* PROMPT *
Please repeat exactly the lines below from the line with "Vidējais un maksimālais" to the line with "Black Velvet Club", including both, and leave out every picture.
(Beginning of PROVIDED DATA)
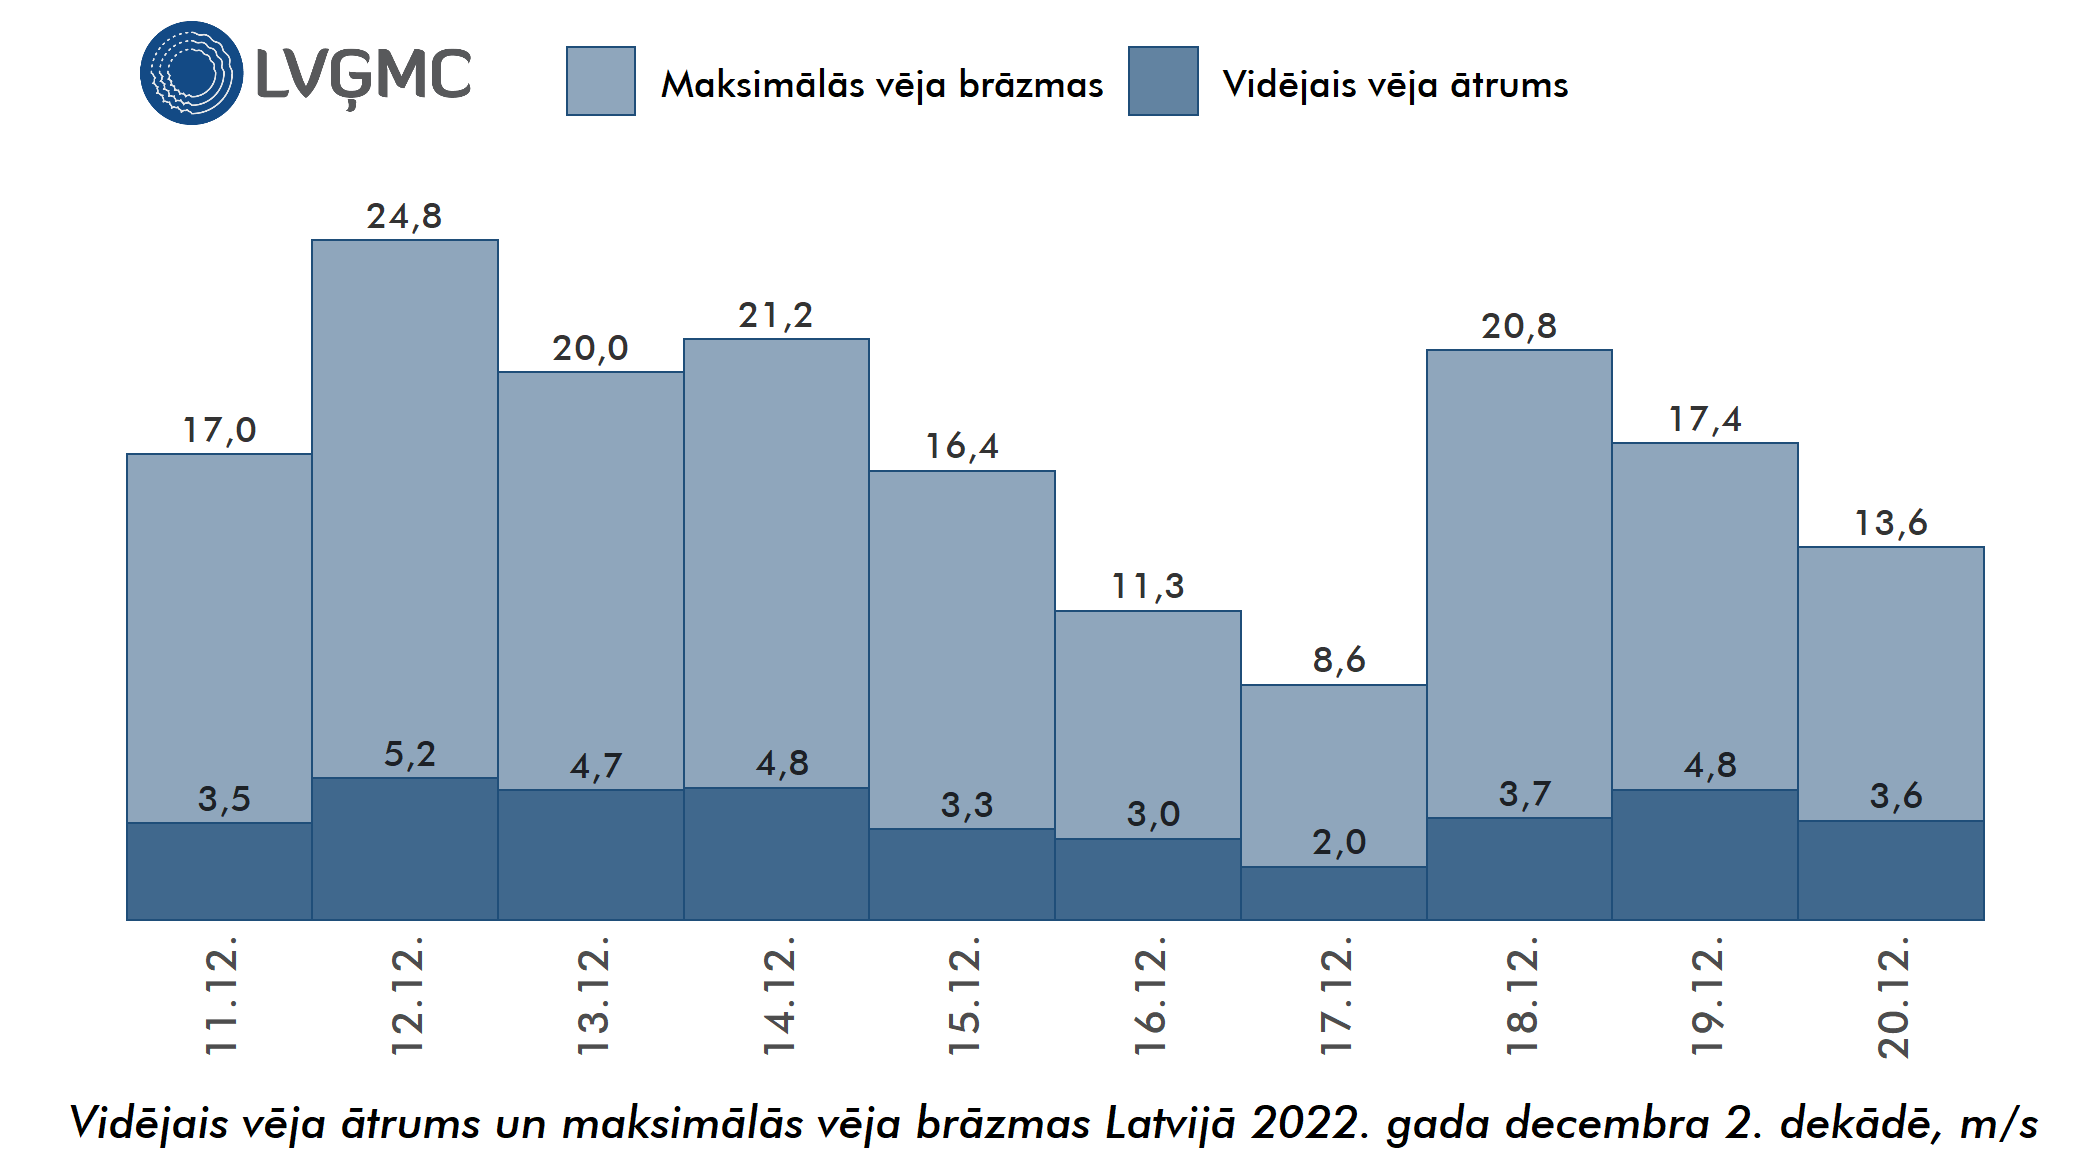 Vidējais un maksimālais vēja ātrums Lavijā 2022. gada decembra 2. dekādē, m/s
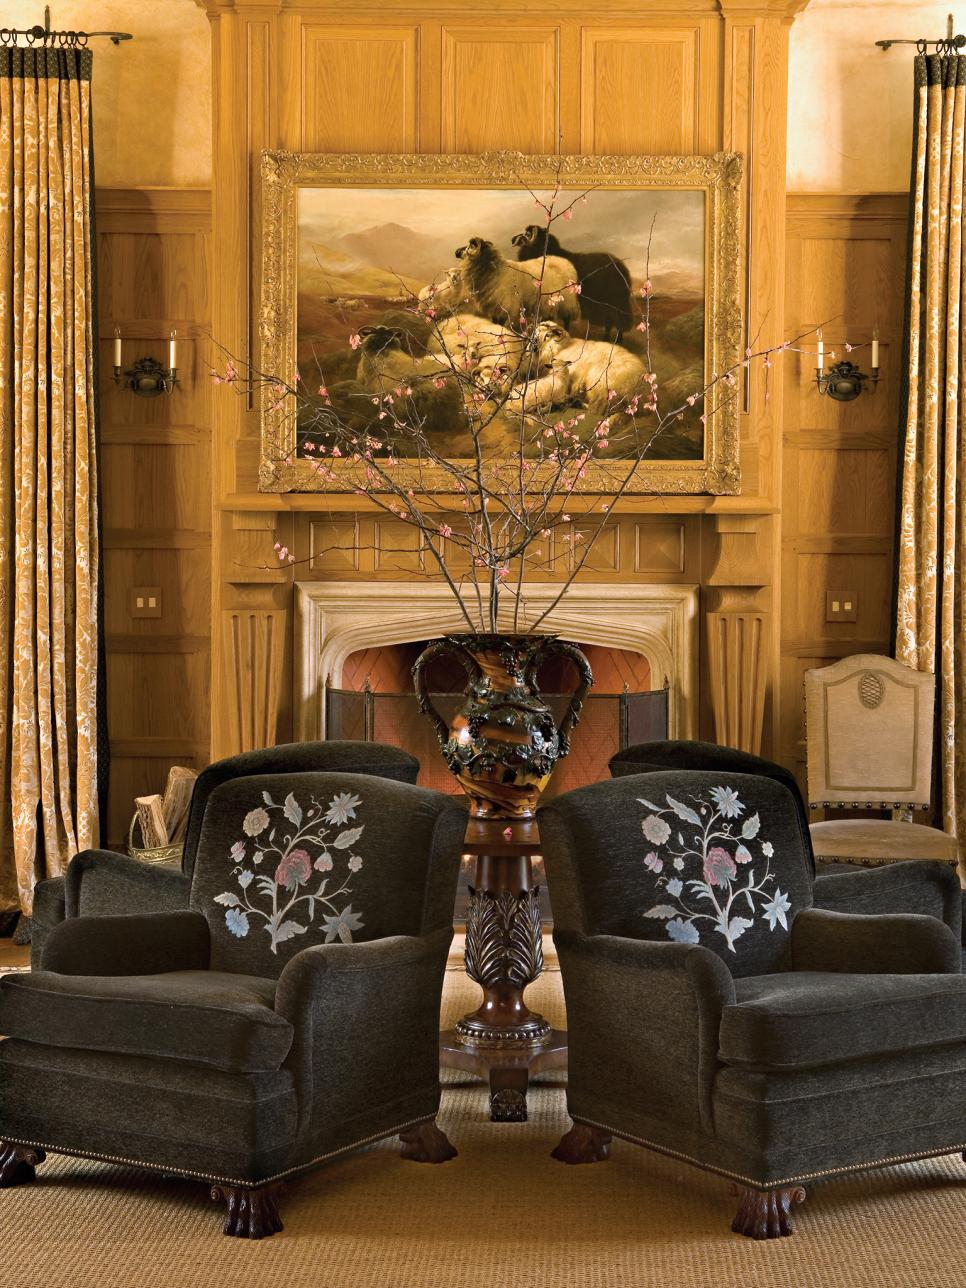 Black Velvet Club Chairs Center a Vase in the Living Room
(End of PROVIDED DATA)
(Beginning of PROVIDED DATA)
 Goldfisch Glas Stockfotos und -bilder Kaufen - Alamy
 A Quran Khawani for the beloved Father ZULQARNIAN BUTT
(End of PROVIDED DATA)
* SOLUTION TO THE EXERCISE *
 Vidējais un maksimālais vēja ātrums Lavijā 2022. gada decembra 2. dekādē, m/s
 Black Velvet Club Chairs Center a Vase in the Living Room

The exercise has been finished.